— Task —
Could you give back exactly the lines below from the one with "Hyperlipidemia and Cutaneous" through the one with "NYDJ Frankie Relaxed", without a single picture?

— Source information —
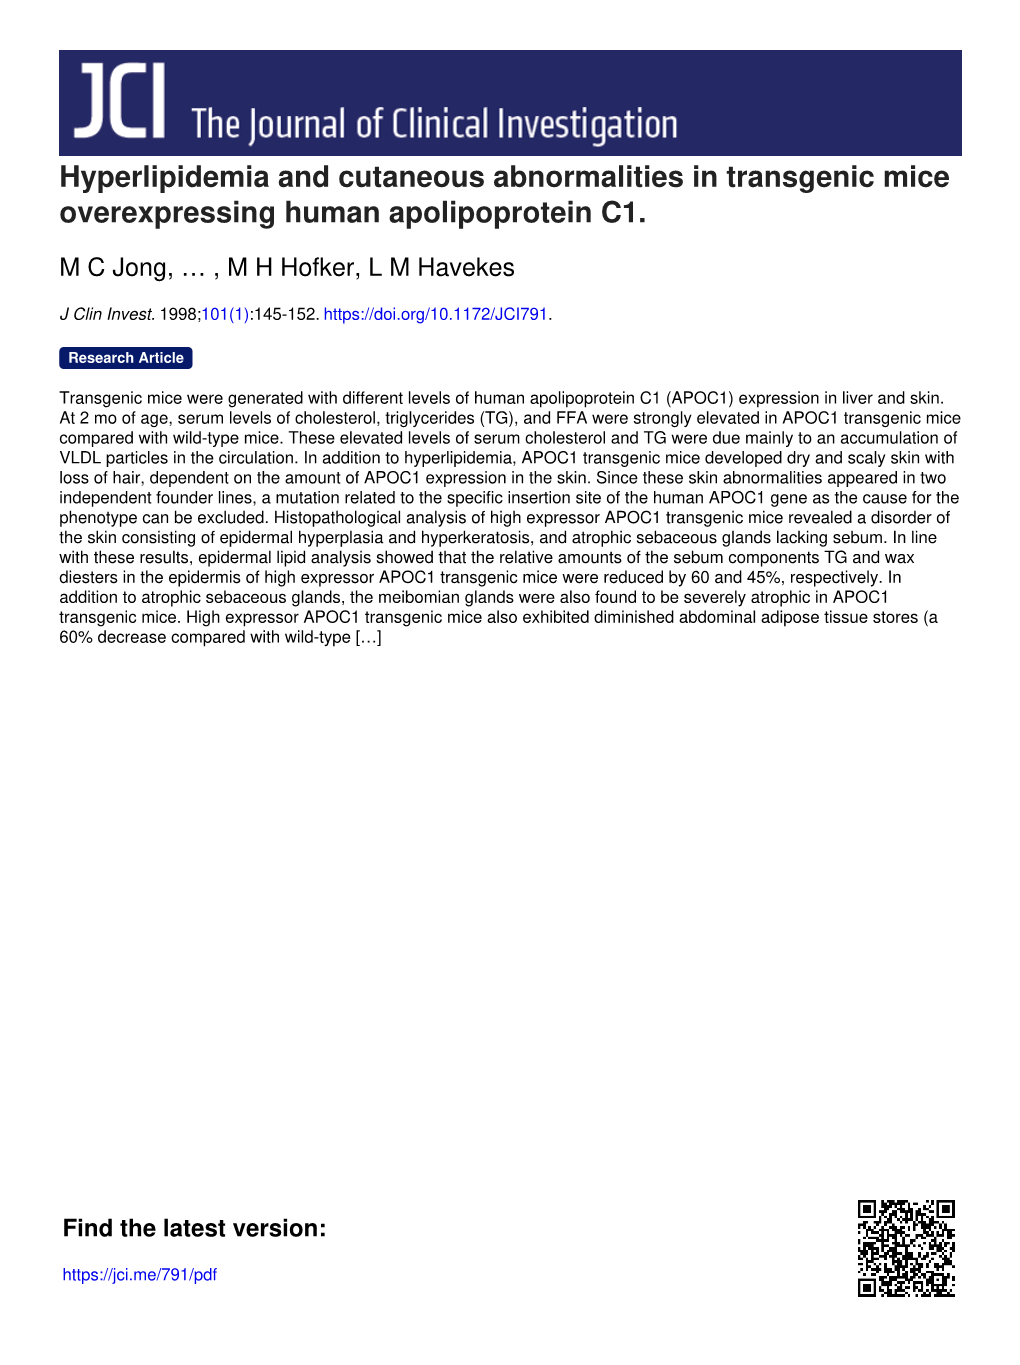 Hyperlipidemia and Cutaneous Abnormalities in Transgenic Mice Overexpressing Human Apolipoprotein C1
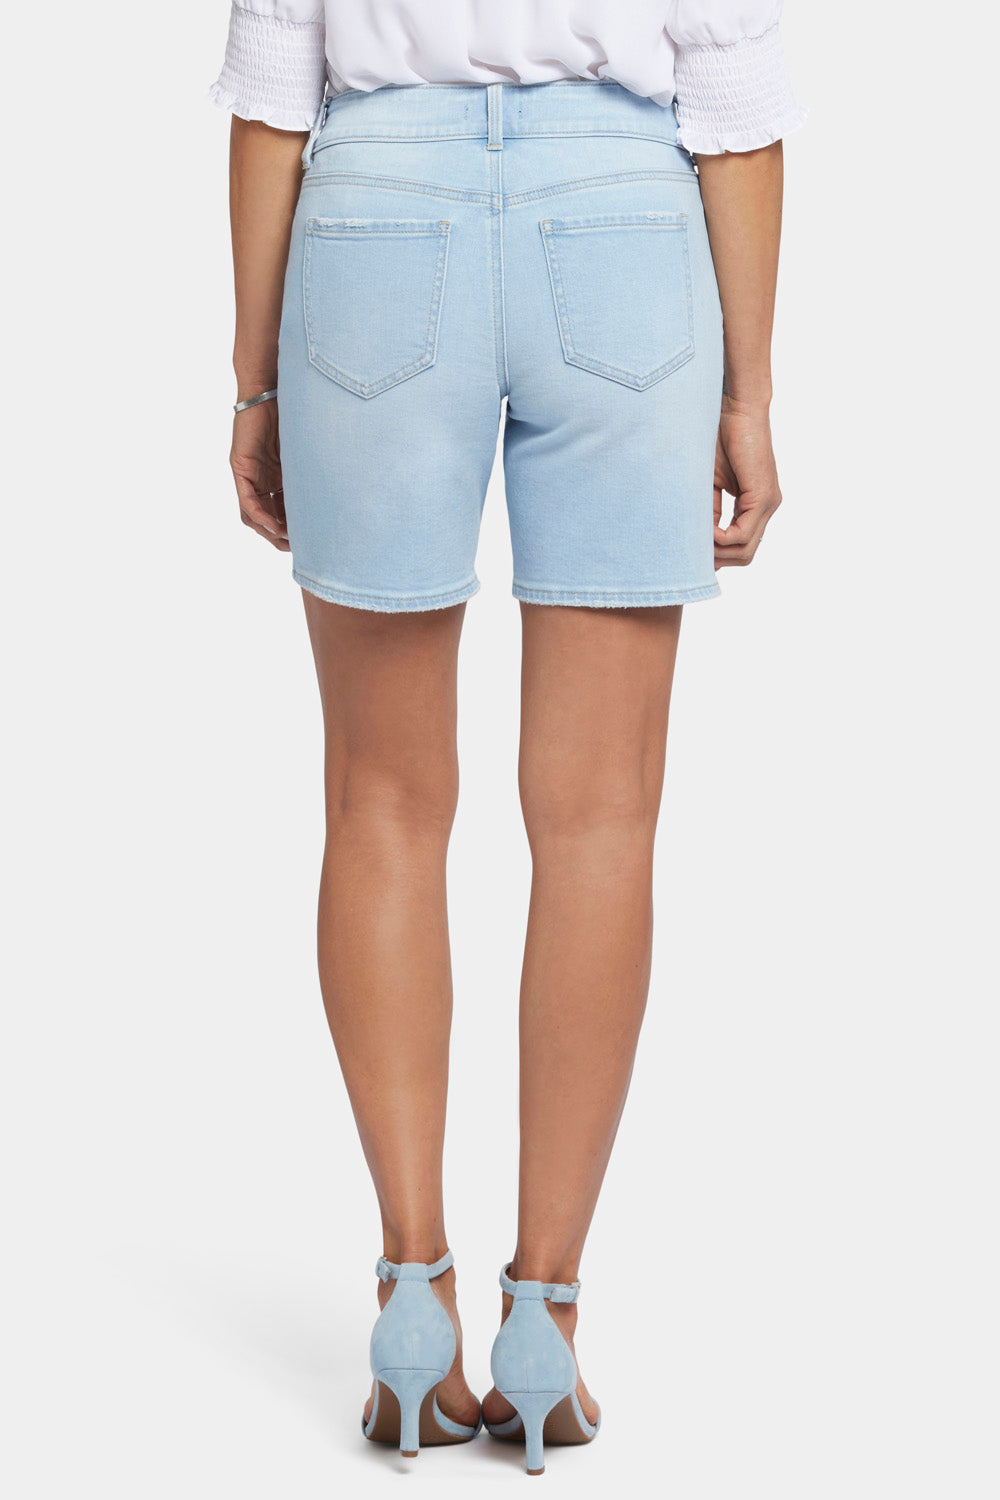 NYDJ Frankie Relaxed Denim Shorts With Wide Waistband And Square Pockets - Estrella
==
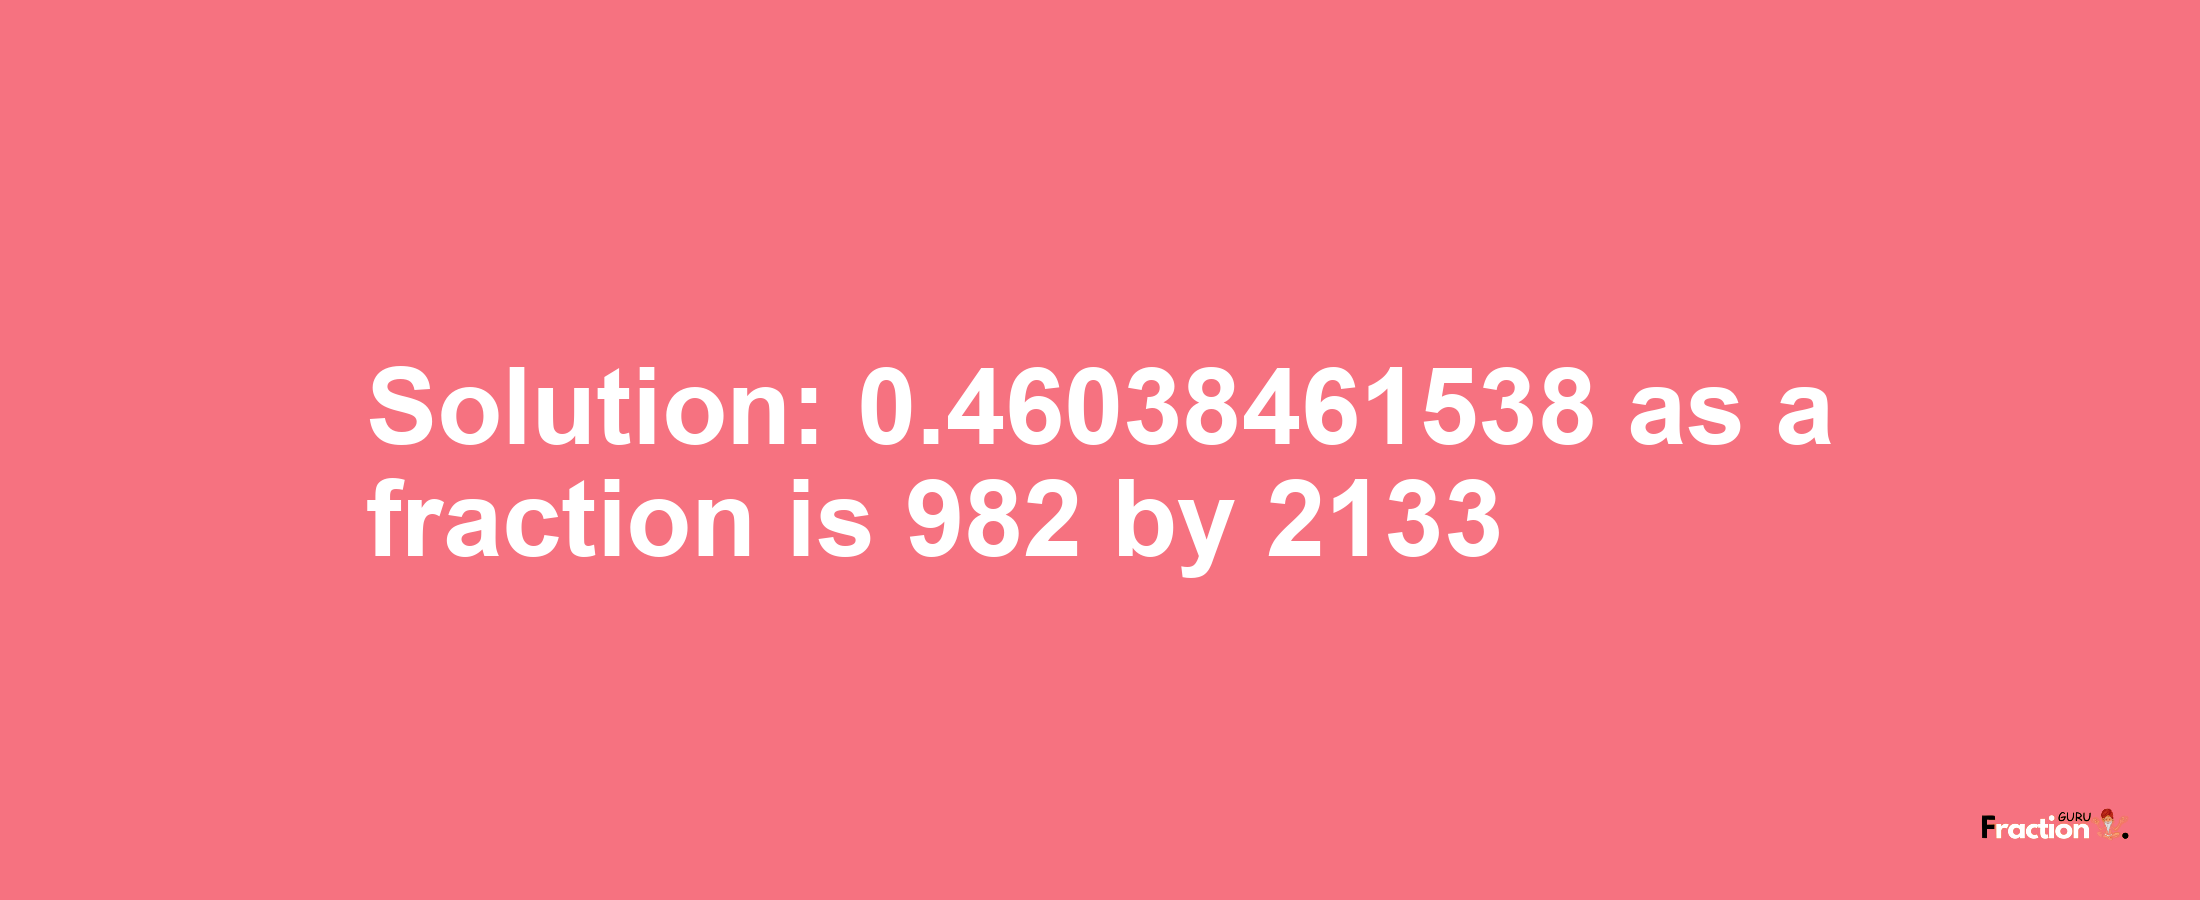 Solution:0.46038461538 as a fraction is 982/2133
---
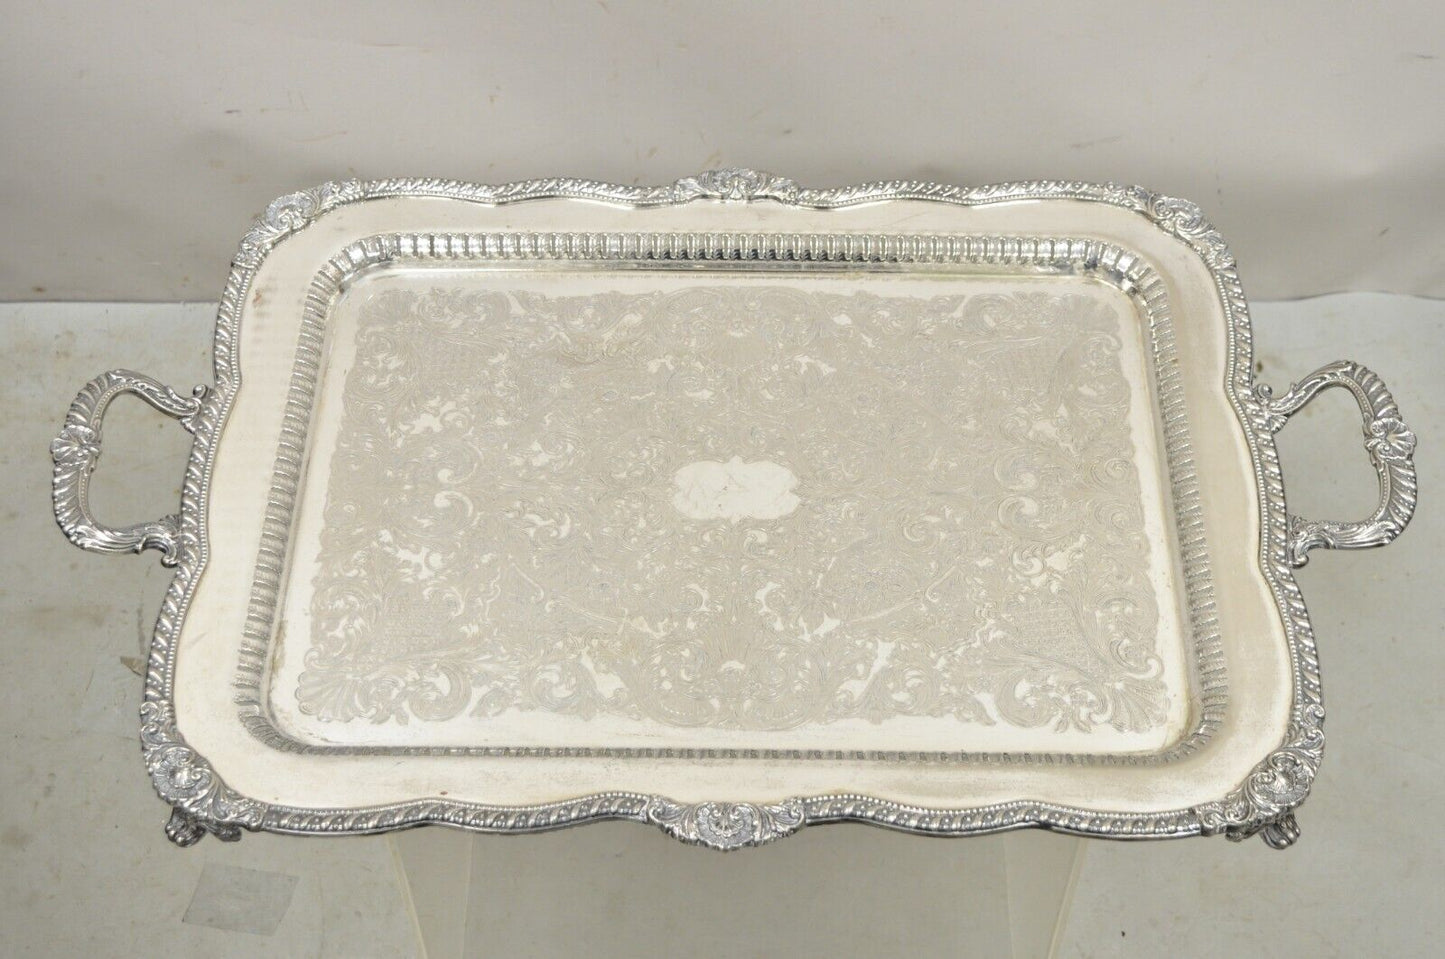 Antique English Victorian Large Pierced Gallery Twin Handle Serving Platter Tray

— Solution —
 Hyperlipidemia and Cutaneous Abnormalities in Transgenic Mice Overexpressing Human Apolipoprotein C1
 NYDJ Frankie Relaxed Denim Shorts With Wide Waistband And Square Pockets - Estrella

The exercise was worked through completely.